Take into account that Babcock International is directly co-operating with BAE & Rolls Royce in the building of this fleet of submarines, which will be the sole delivery system for Trident’s replacement.
I brought this report to the attention of some of my own lecturers at The University of Manchester and they were outraged, yet not overly surprised due to the history of dodgy investments within the sector. University boards in this country need to get a grip and start acting within their own stated ethical codes. They may not be directly investing in these industries but they have a duty of care as employer to hundreds of thousands of employees to make it their business to be aware of such information, to inform their employees and to pressure USS to divest from such immoral enterprises and to bring an ethical consideration in terms on investment in to parallel importance with the monetary motivations. I applaud ICAN for commissioning this report and bringing this to the attention of the wider public.
By Jonathan Woodrow Martin
Full USS response:
USS Ltd is an active and responsible shareowner, an approach which USS’s trustees believe will protect and enhance the long-term value of the fund. USS is a multi-employer pension fund with more than 380 member institutions, governed under trust law to invest and pay pensions for currently c. 287,000 individuals. In this regard, it is unlike retail ethical or SRI funds which enable individuals to express their personal values in their investments or church or charity investments which may be able to reflect a particular mission, campaign or issue.

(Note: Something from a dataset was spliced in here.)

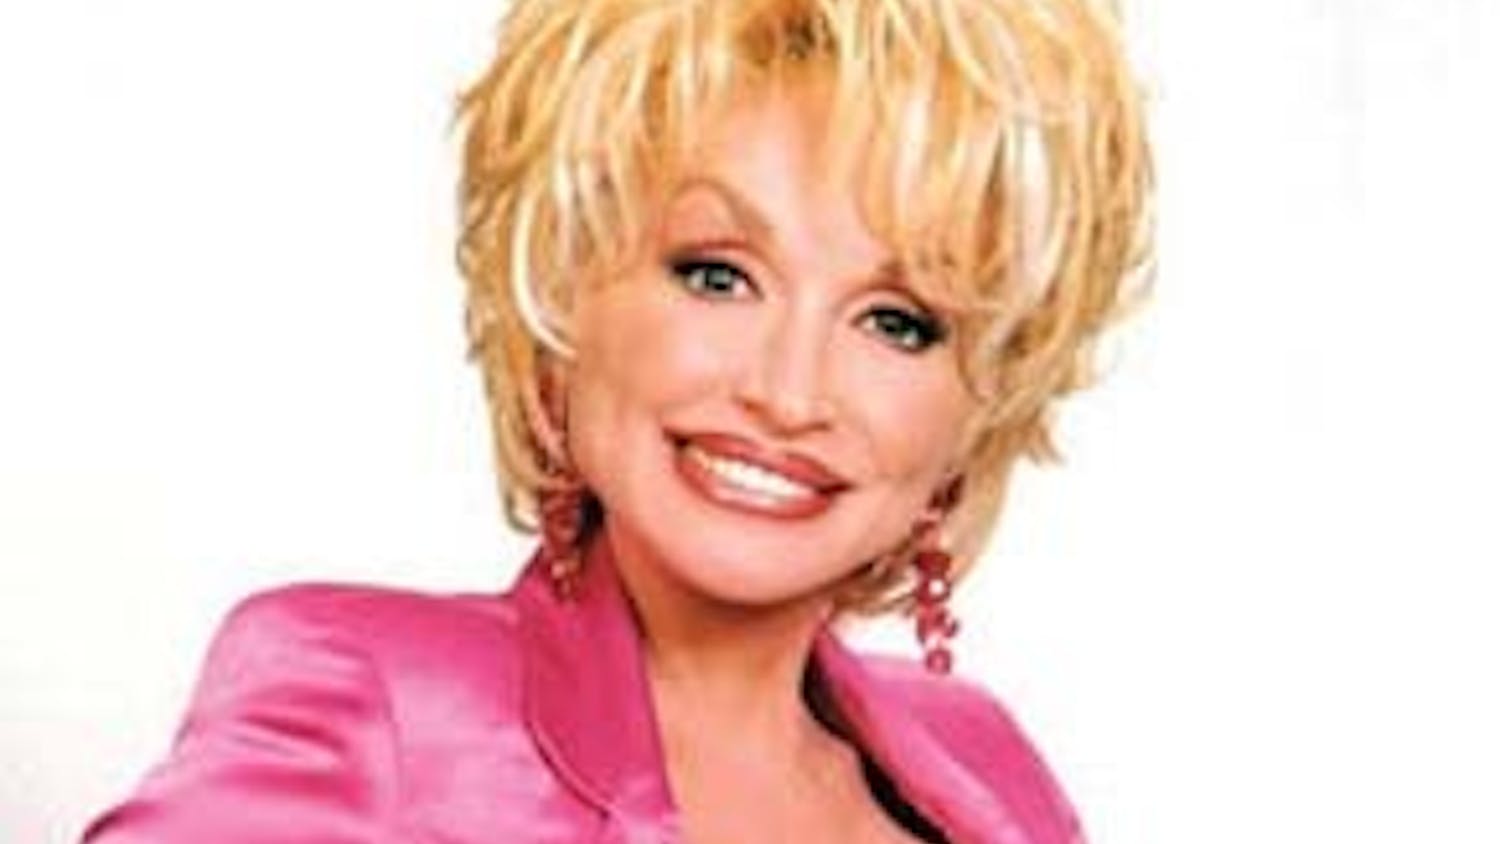 After all these years, Dolly Parton's still got huge... tracts of land.

USS’ responsible investment (RI) policy must be consistent with our legal responsibility under trust law. This means treating the financial interests of our members as paramount and managing the fund consistent with proper diversification and prudence. The fund is obliged to invest in a wide spectrum of companies and because of its size (we are the second largest pension fund in the UK), this inevitably involves holdings in a diverse range of sectors, including engineering and support services companies such as Babcock International and Redhall Group.
The legal advice that the fund has received is that USS is not permitted to make investment decisions based purely on an ethical or moral stance. Therefore irrespective of how an individual may feel on a particular issue, the fund has to take a broader position and does not screen-out particular companies or sectors. A copy of the legal advice we have received is available on our website under the Responsible Investment section.
However, USS’s trustees believe that the fund can and should take ethical, environmental, governance, etc., issues into account in its investment-decision making where these issues are material to a company’s performance. We expect companies to pay particular regard to legal standards and encourage adherence to best practice norms on corporate responsibility and corporate governance. If USS considers that a company is not meeting appropriate standards, and that this is damaging the company’s reputation or in other ways putting at risk the value of our investment, we will use our influence as owners to encourage the company to improve its practices. The fund employs an in-house responsible investment function to implement the funds’ strategy in this area.